In this disorder of his nervous and mental condition, with a
doubting conscience and a shrinking heart, is it any wonder that the
terrors which lay before him at the gap in those bristling walls,
should draw near, and, making sudden inroad upon his soul, overwhelm the
government of a will worn out by the tortures of an unassured spirit?
What share fear contributed to unman him, it was impossible for him,
in the dark, confused conflict of differing emotions, to determine;
but doubtless a natural shrinking from danger, there being no excitement
to deaden its influence, and no hope of victory to encourage to the
struggle, seeing victory was dreadful to him as defeat, had its part in
the sad result. Many men who have courage, are dependent on ignorance
and a low state of the moral feeling for that courage; and a further
progress towards the development of the higher nature would, for a time
at least, entirely overthrow it.

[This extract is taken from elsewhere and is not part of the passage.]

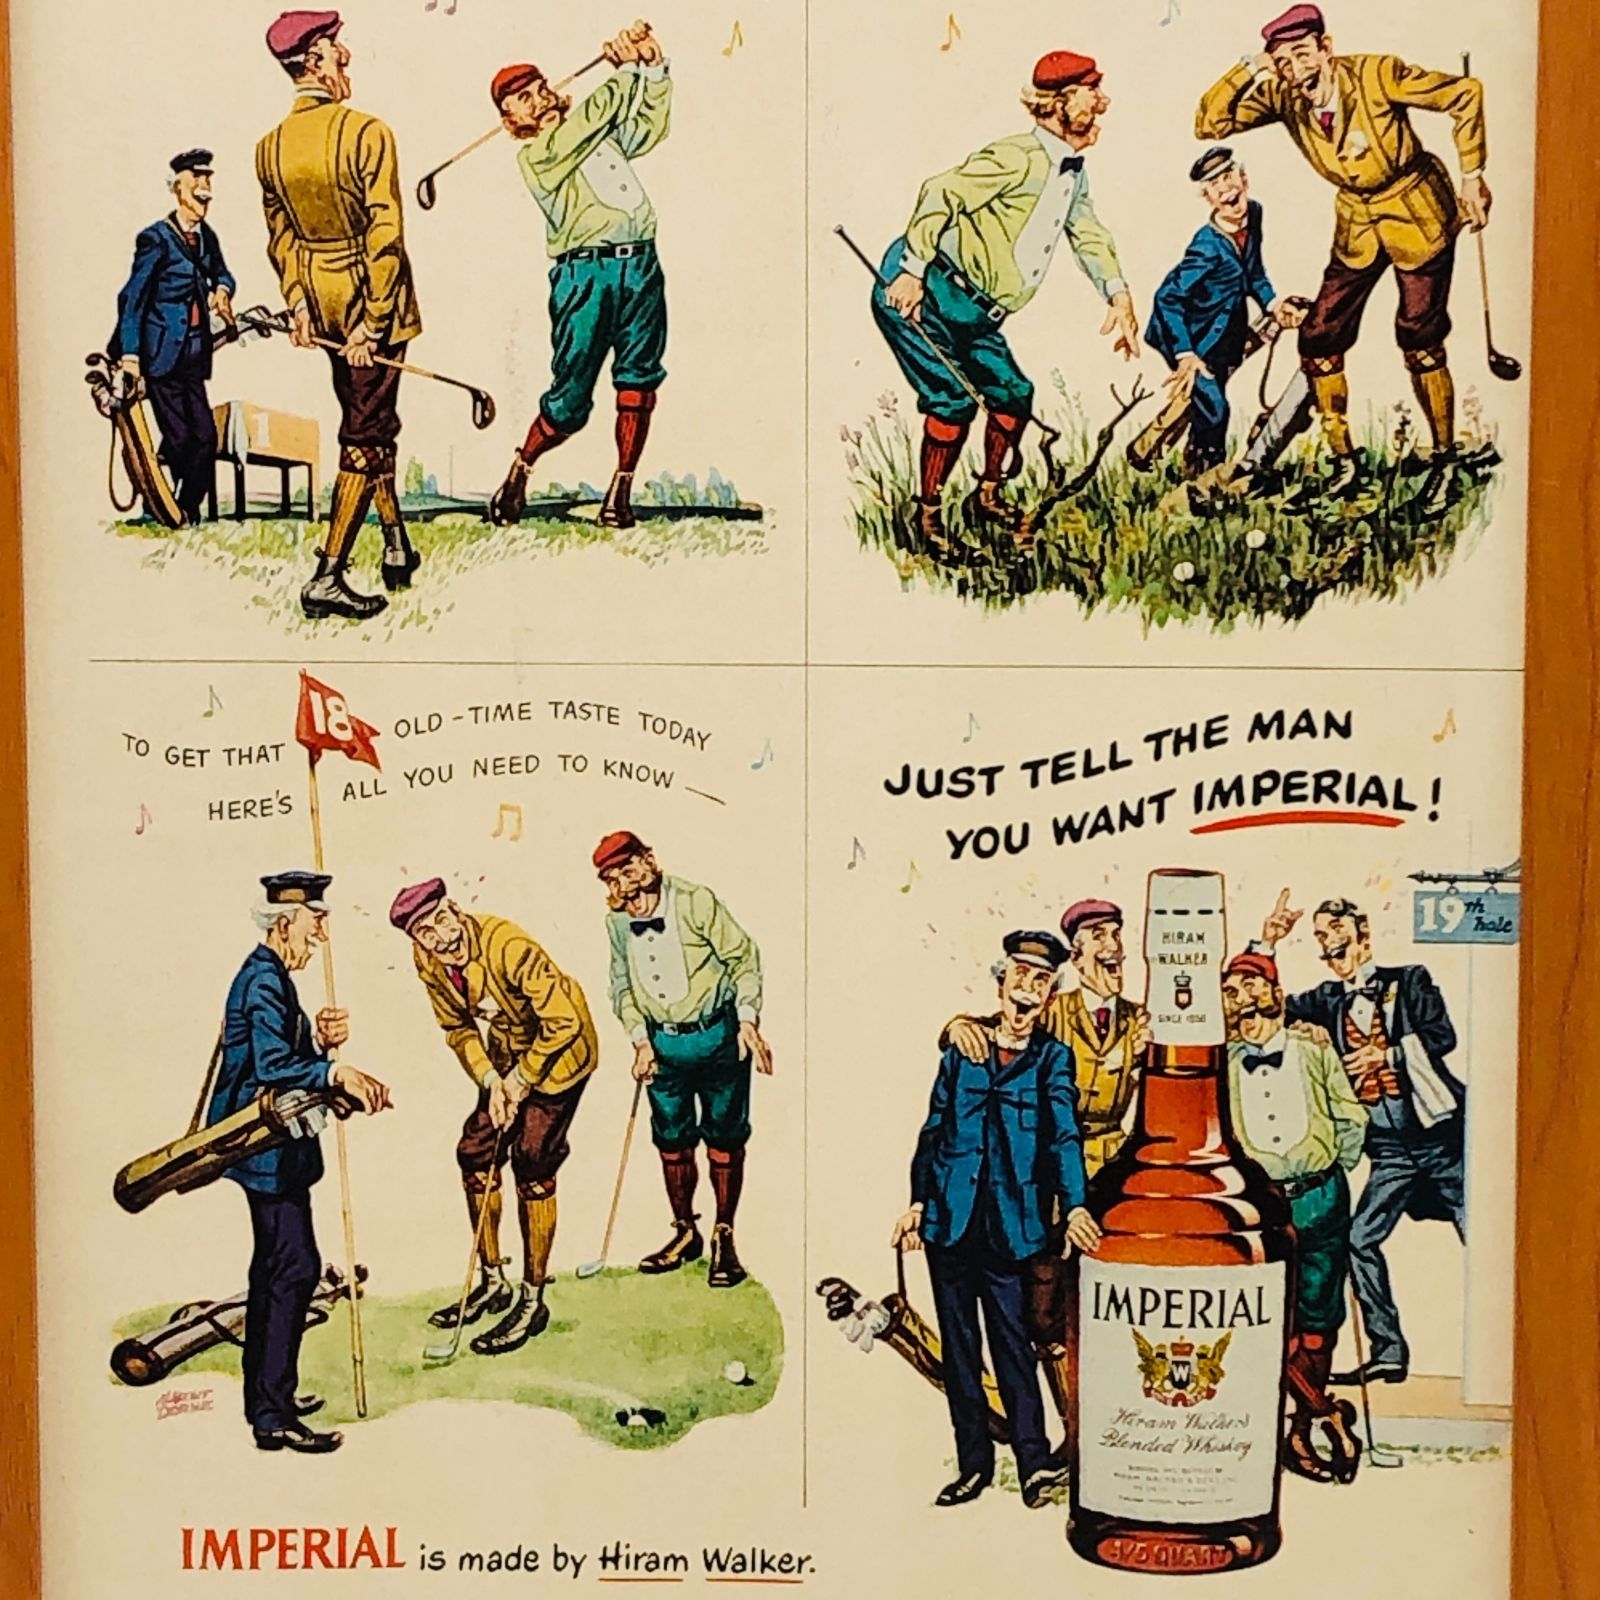 ビンテージ 広告 ポスター フレーム付 当時物 『 インペリアル ウイスキー (Imperial) 』 1950's オリジナル アメリカ 輸入雑貨 ヴィンテージ  雑誌 アドバタイジング レトロ ( AZ1723 ) - メルカリ

Nor could such loss of courage be
rightly designated by the name of cowardice.
"But, alas! the colonel happened to fix his eyes upon him as he passed
along the file; and this completed his confusion. He betrayed such
evident symptoms of perturbation, that that officer ordered him under
arrest; and the result was, that, chiefly for the sake of example to the
army, he was, upon trial by court-martial, expelled from the service,
and had his sword broken over his head.